Appendix C Prompts for Data Generation
In this section, we present all the prompts used in our data generation process. These prompts include those for plan generation, action generation, state generation, final answer generation, semantic equivalence data generation, semantic equivalence evaluation, meta knowledge generation, and contrastive process supervision for plan, action, and state generation.
Appendix D Implementation Details
Training data creation. For each dataset, we use multiple models (GPT-4o (Achiam et al., 2023), DeepSeek (Liu et al., 2024a, b), LLaMA3 (Dubey et al., 2024)) to generate diverse trajectories for the training and validation sets. Before labeling, we filter out trajectories that fail symbolic verification. We then label trajectories as positive or negative based on their final answers. To improve model stability, we augment training samples using GPT-4o. Given the positive and negative trajectories of the same question, we automatically generate process annotations (as discussed in Section 3.3) using DeepSeek. Additionally, we observed an order bias in contrastive ranking data, where the model tends to prefer the first option when presented with similar choices. To address this, we apply pre-processing and post-processing techniques: (1) Pre-processing: We randomly shuffle the correct option’s position before training. Only responses that select the correct option are accepted. (2) Post-processing: During inference, we randomly reorder options to mitigate bias and improve robustness. These strategies ensure more stable training and fairer ranking evaluations.

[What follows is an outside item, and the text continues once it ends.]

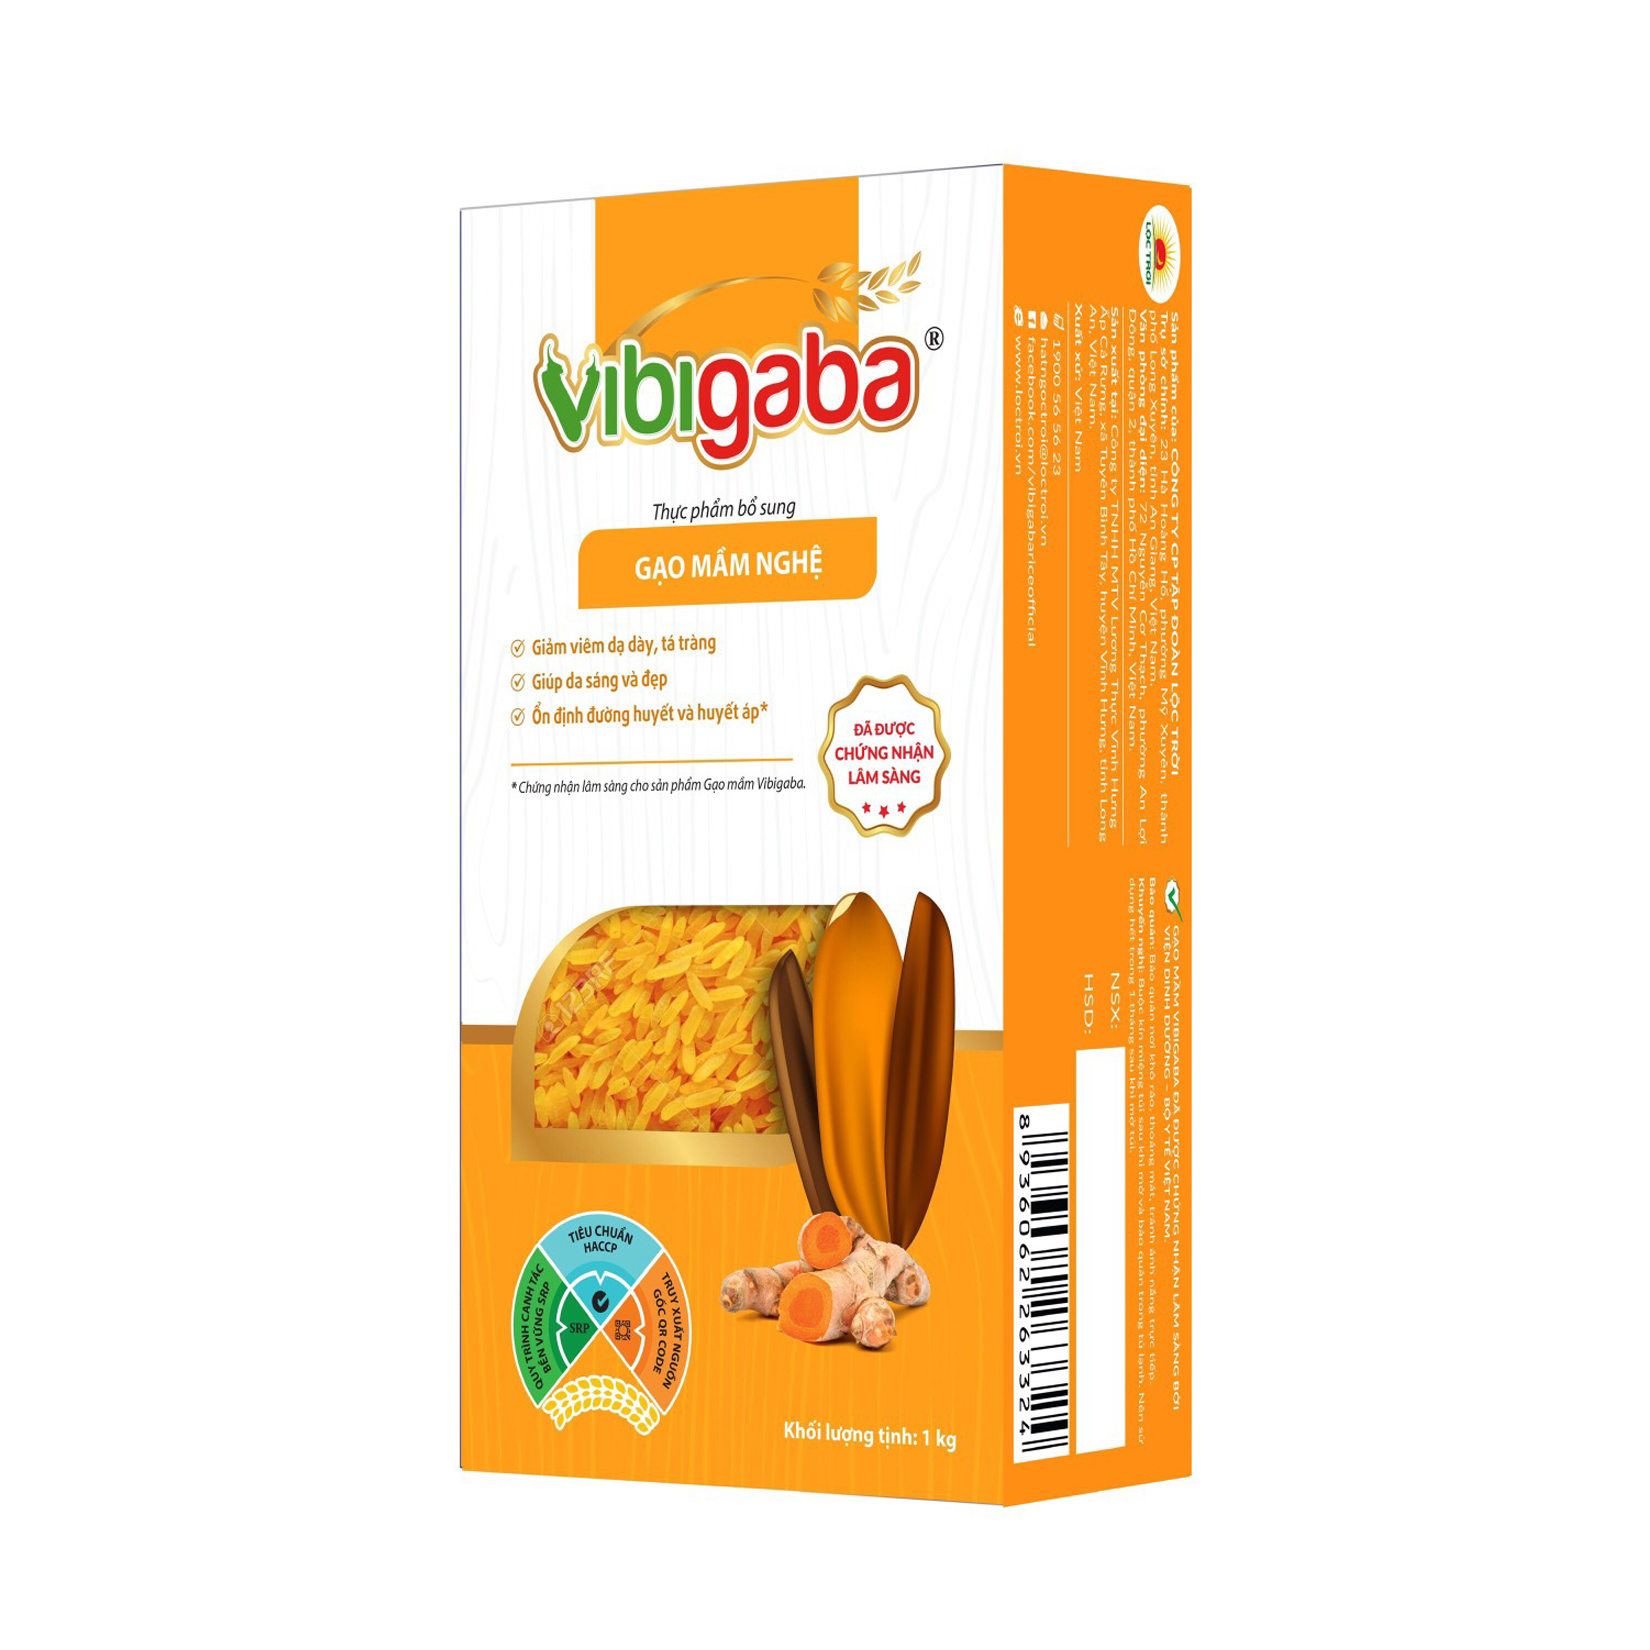 Gạo Mầm Vibigaba Nghệ Cho Người Viêm Loét Dạ Dày, Tá Tràng, Viêm Gan - Hộp 1kg

Model training overview. SWAP is fine-tuned from a base model using LoRA (Hu et al., 2021). The primary objective is to train the LM to understand the format and structure of entailment graphs. We choose LoRA over full fine-tuning due to the limited availability of training data. To ensure scalability and generalization, we fine-tune a single generator, which is then repurposed to serve as the policy model, world model, and controller. For each dataset, the generator is fine-tuned on all positive trajectories from the training set. As illustrated in Figure 2, the generator contains two LoRAs. The original LoRA is fine-tuned on positive trajectories as usual, while the SemEquiv-LoRA is fine-tuned on semantic equivalence data, which are bootstrapped using GPT-4o, for plan, actions and states. Specially, the total number of trajectories used for generator fine-tuning: GSM8k (28.3k), MATH500 (49.3k), FOLIO (7.3k), ReClor (14.5k), HumanEval (6.0k), and MBPP (3.4k). For each positive trajectory, we random sampled some steps and generated two alternatives for each step as semantically equivalent pairs. The total number of semantically equivalent pairs obtained: GSM8k (8.1k), MATH500 (24.2k), FOLIO (3.8k), ReClor (7.1k), HumanEval (2.8k) and MBPP (2.0k).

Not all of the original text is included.